======== Input for this task ========
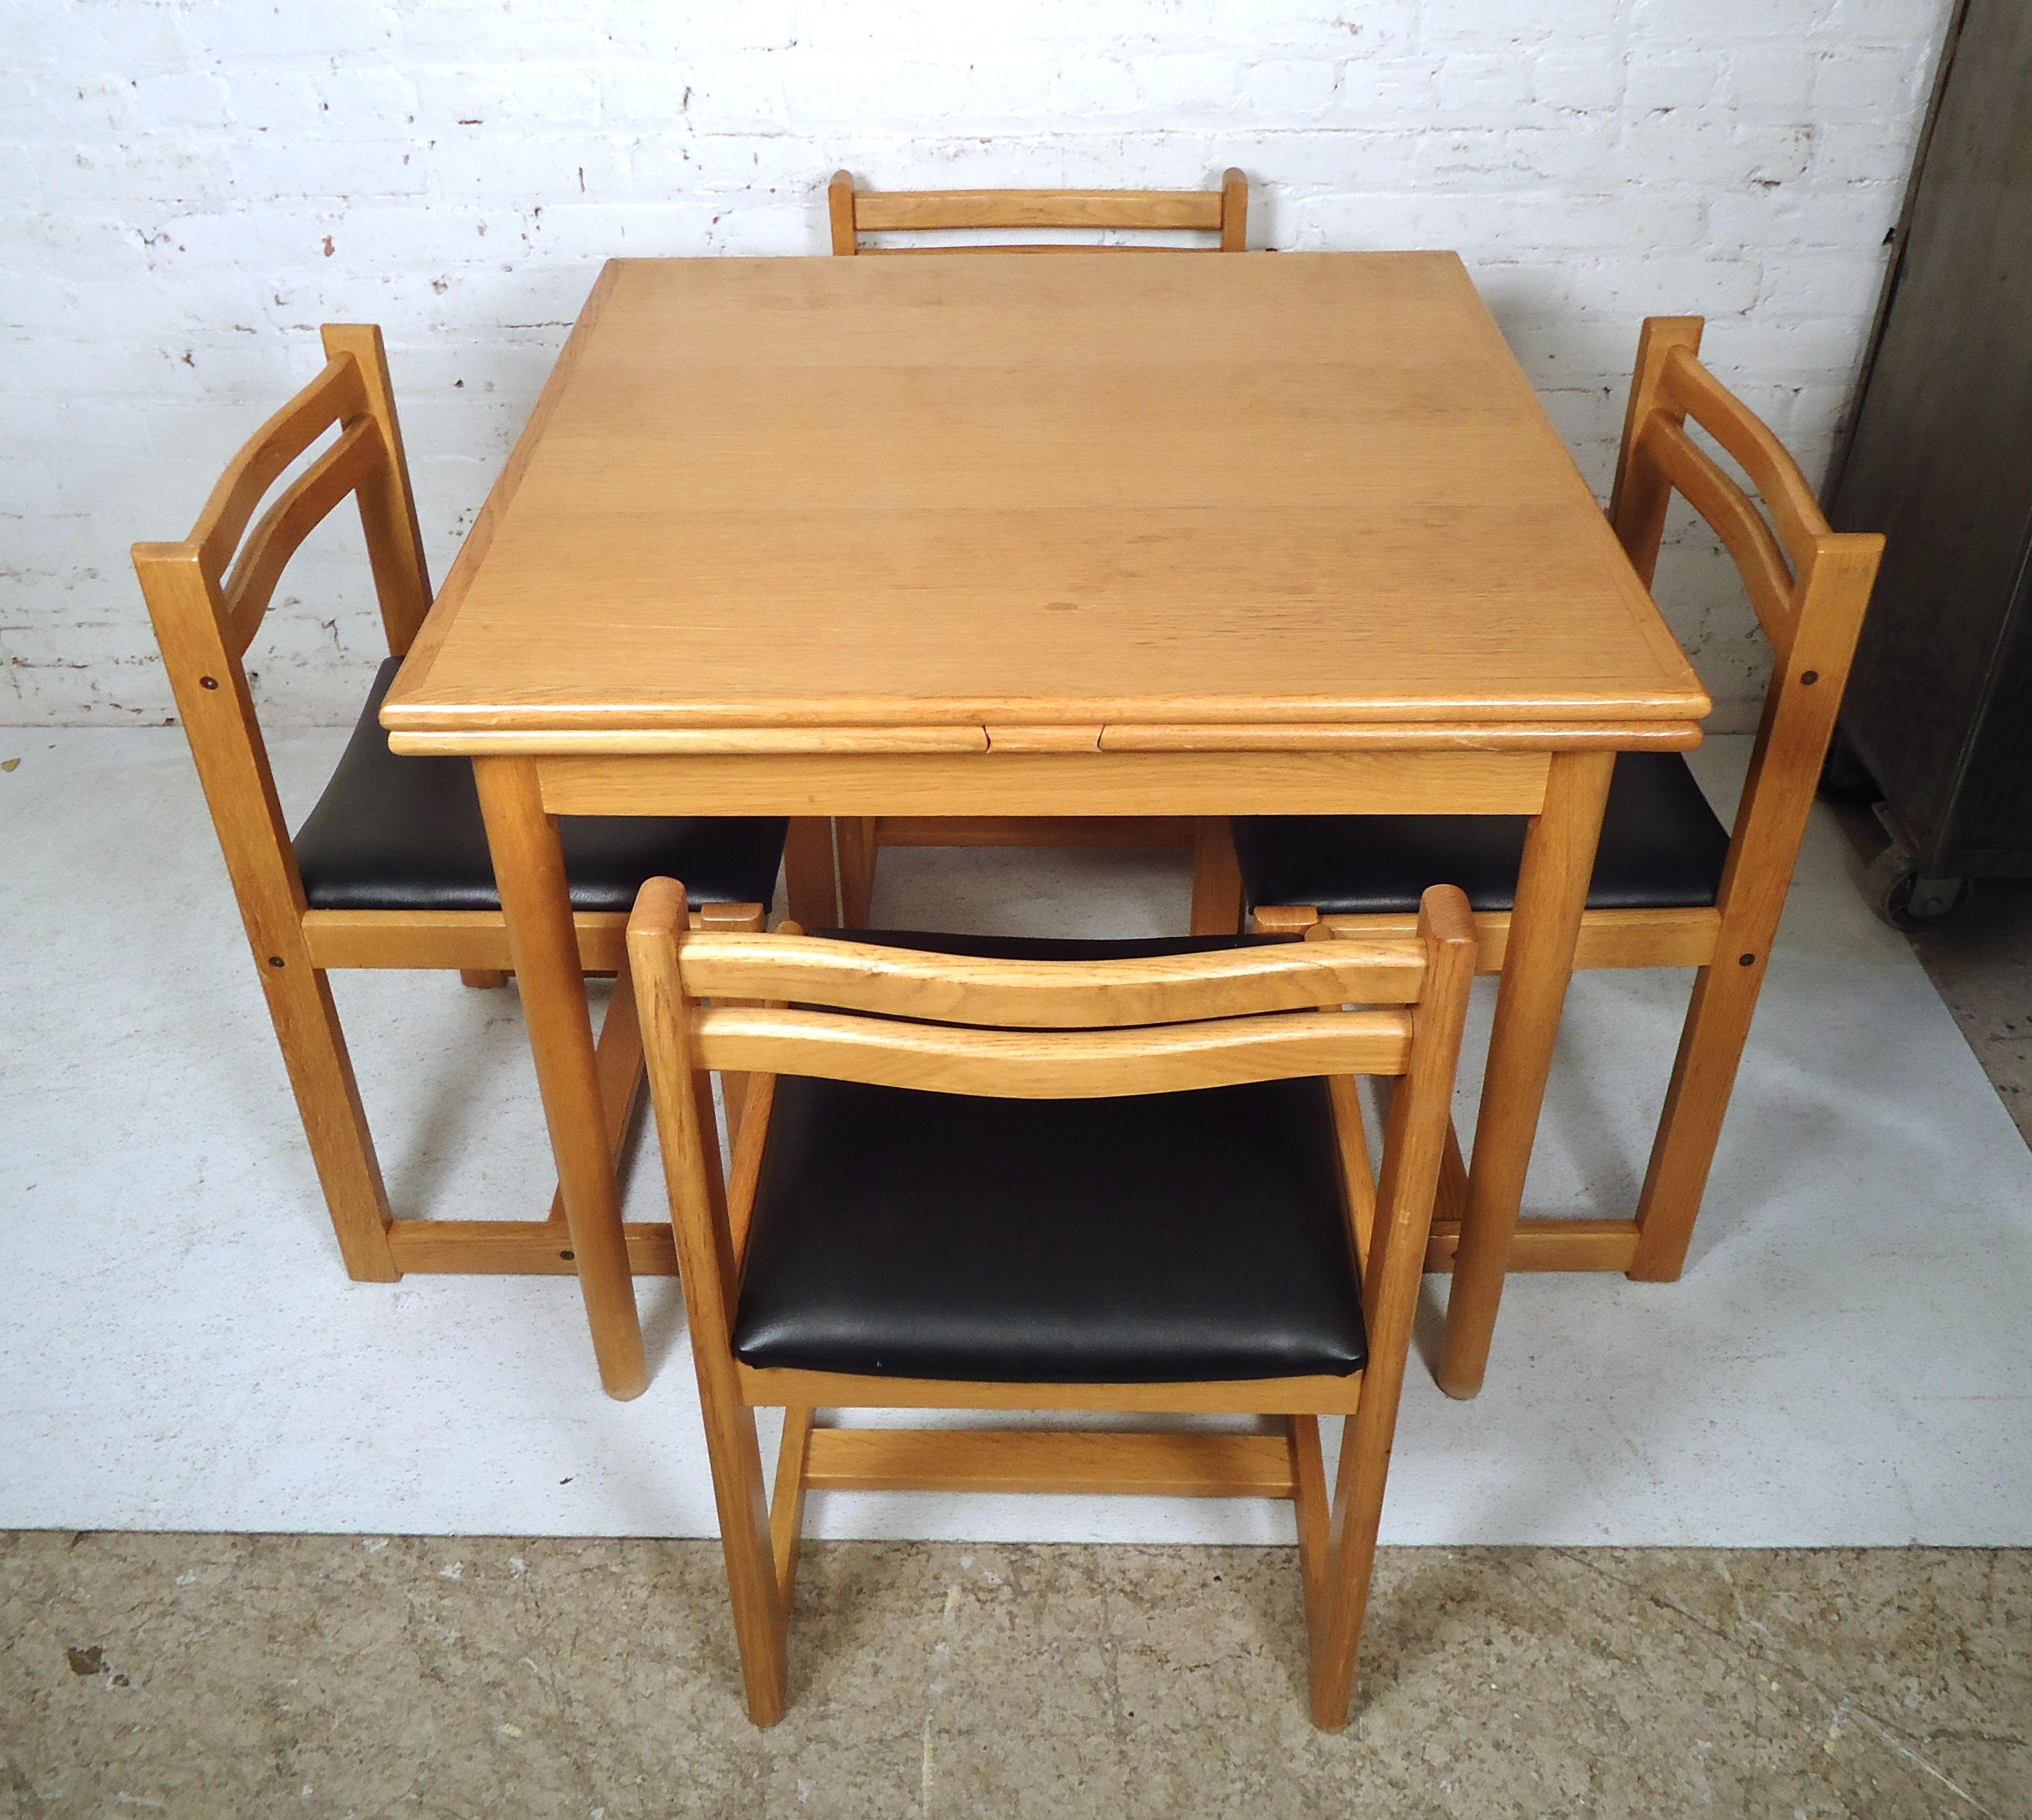 Great Mid-Century Modern extendable dining table made of rich teak grain throughout features four Danish chairs with vinyl cushions.

Extended measurements: 64W 33.5D 29.5H
Chair measurement: 18W 17D 29H 
SH: 17

Please confirm item location
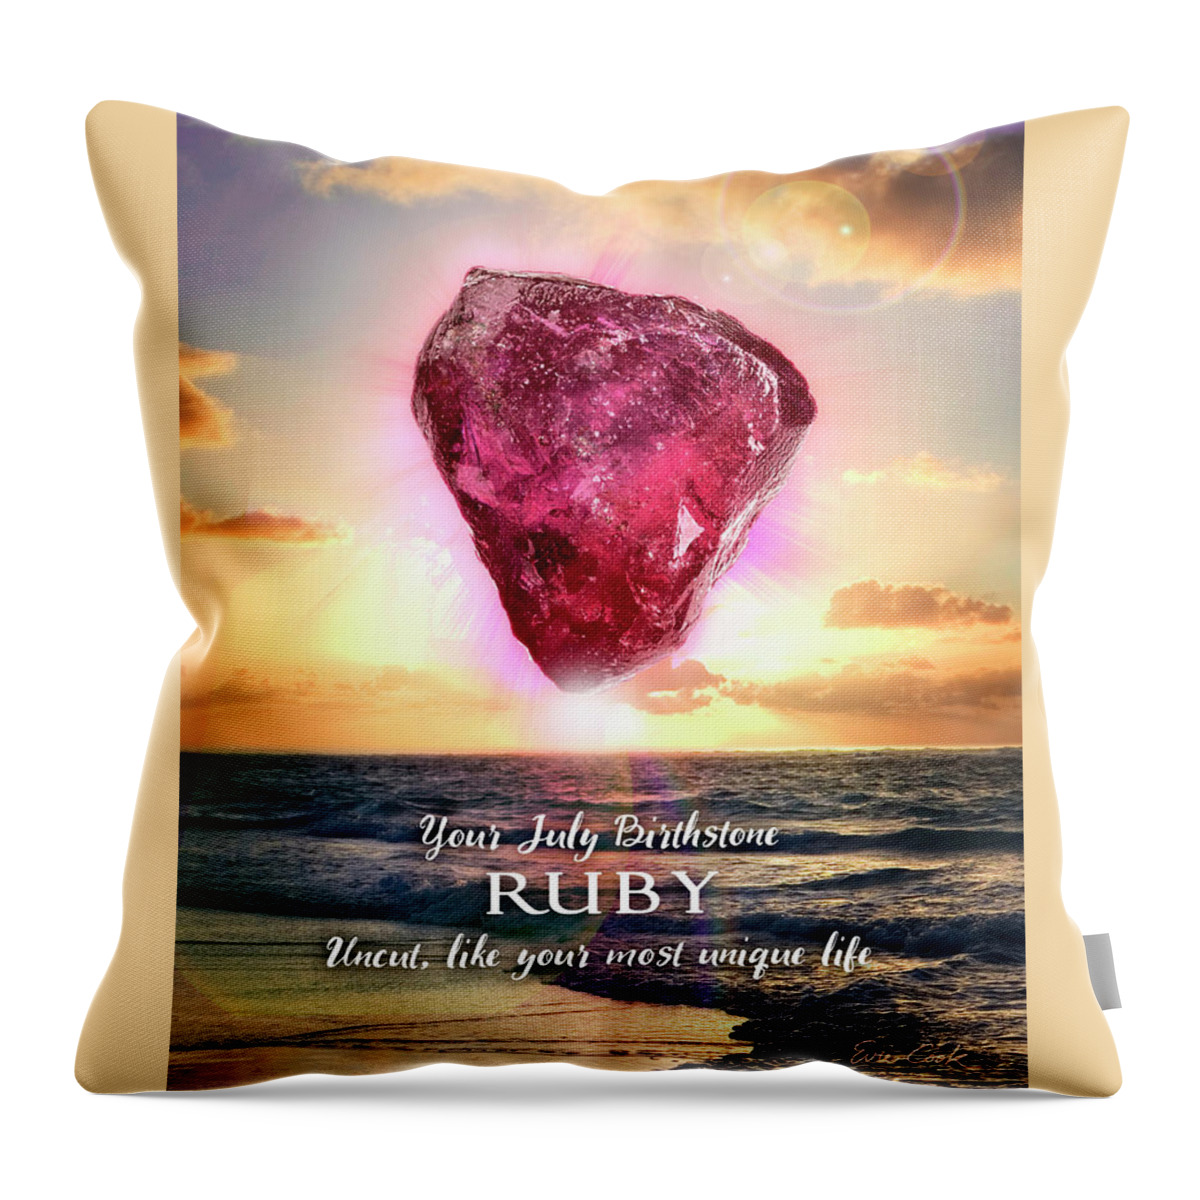 July Throw Pillow featuring the digital art July Birthstone Ruby by Evie Cook
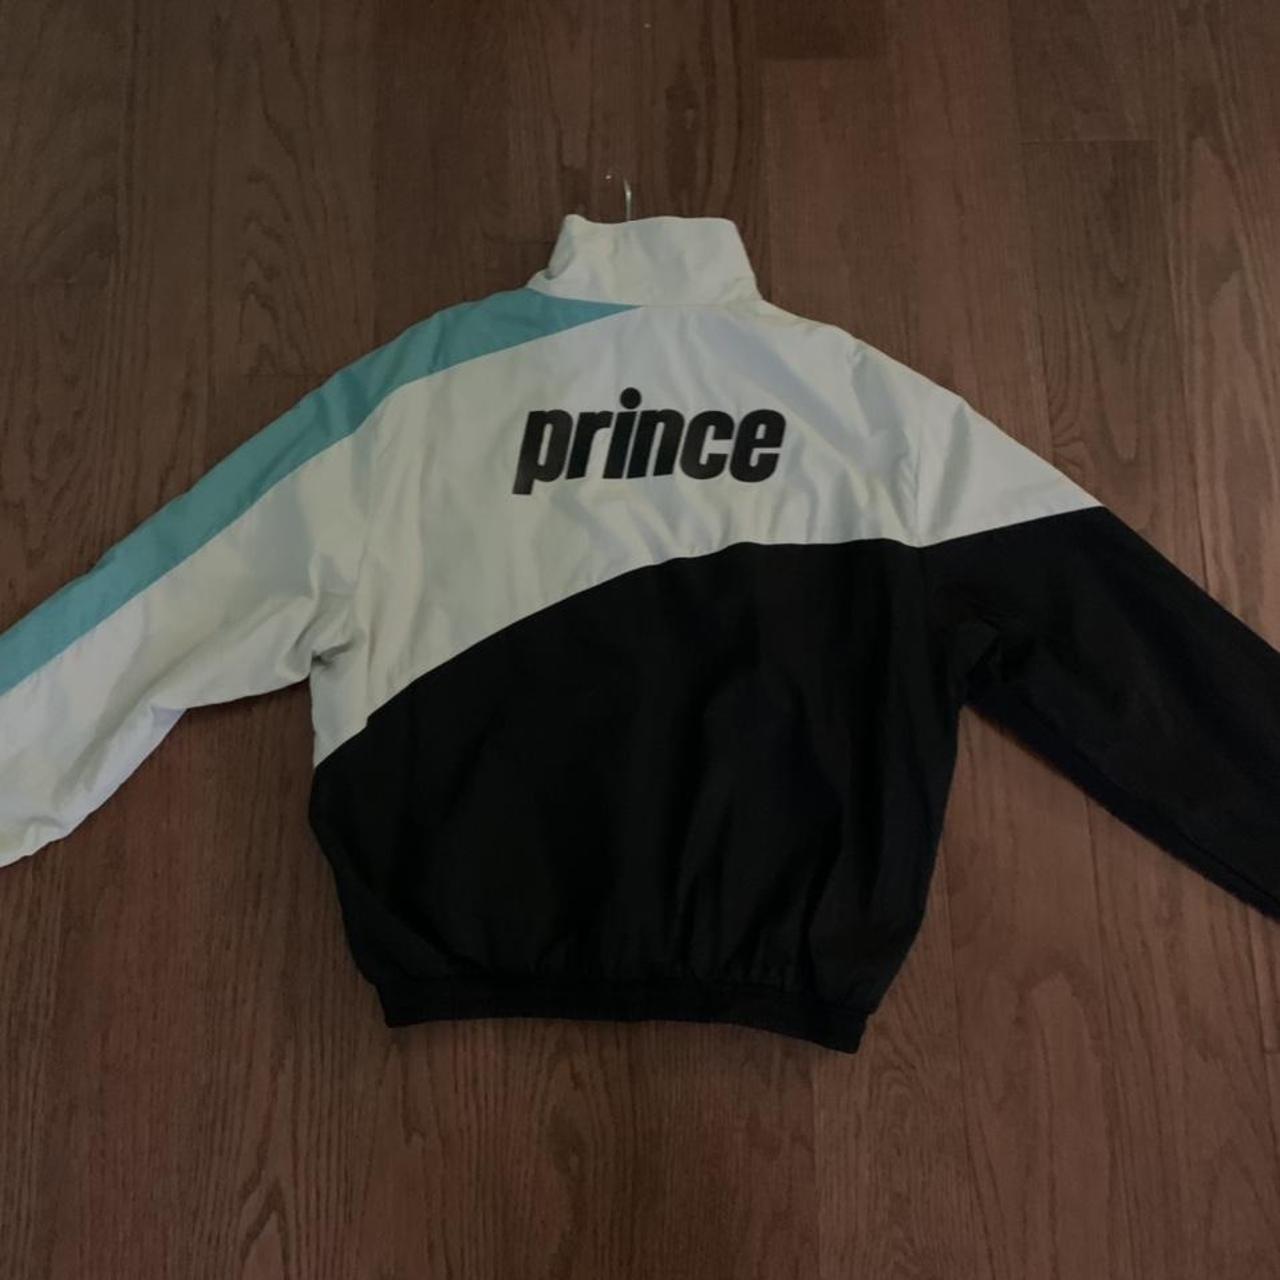 Prince Men's Cream and Green Jacket (2)
========
Exercise brief →
Copy exactly the lines from the line that contains "Please confirm item location" through the last line of the records above, both ends included, but leave out the pictures.

Finished task →
Please confirm item location
 July Throw Pillow featuring the digital art July Birthstone Ruby by Evie Cook
 Prince Men's Cream and Green Jacket (2)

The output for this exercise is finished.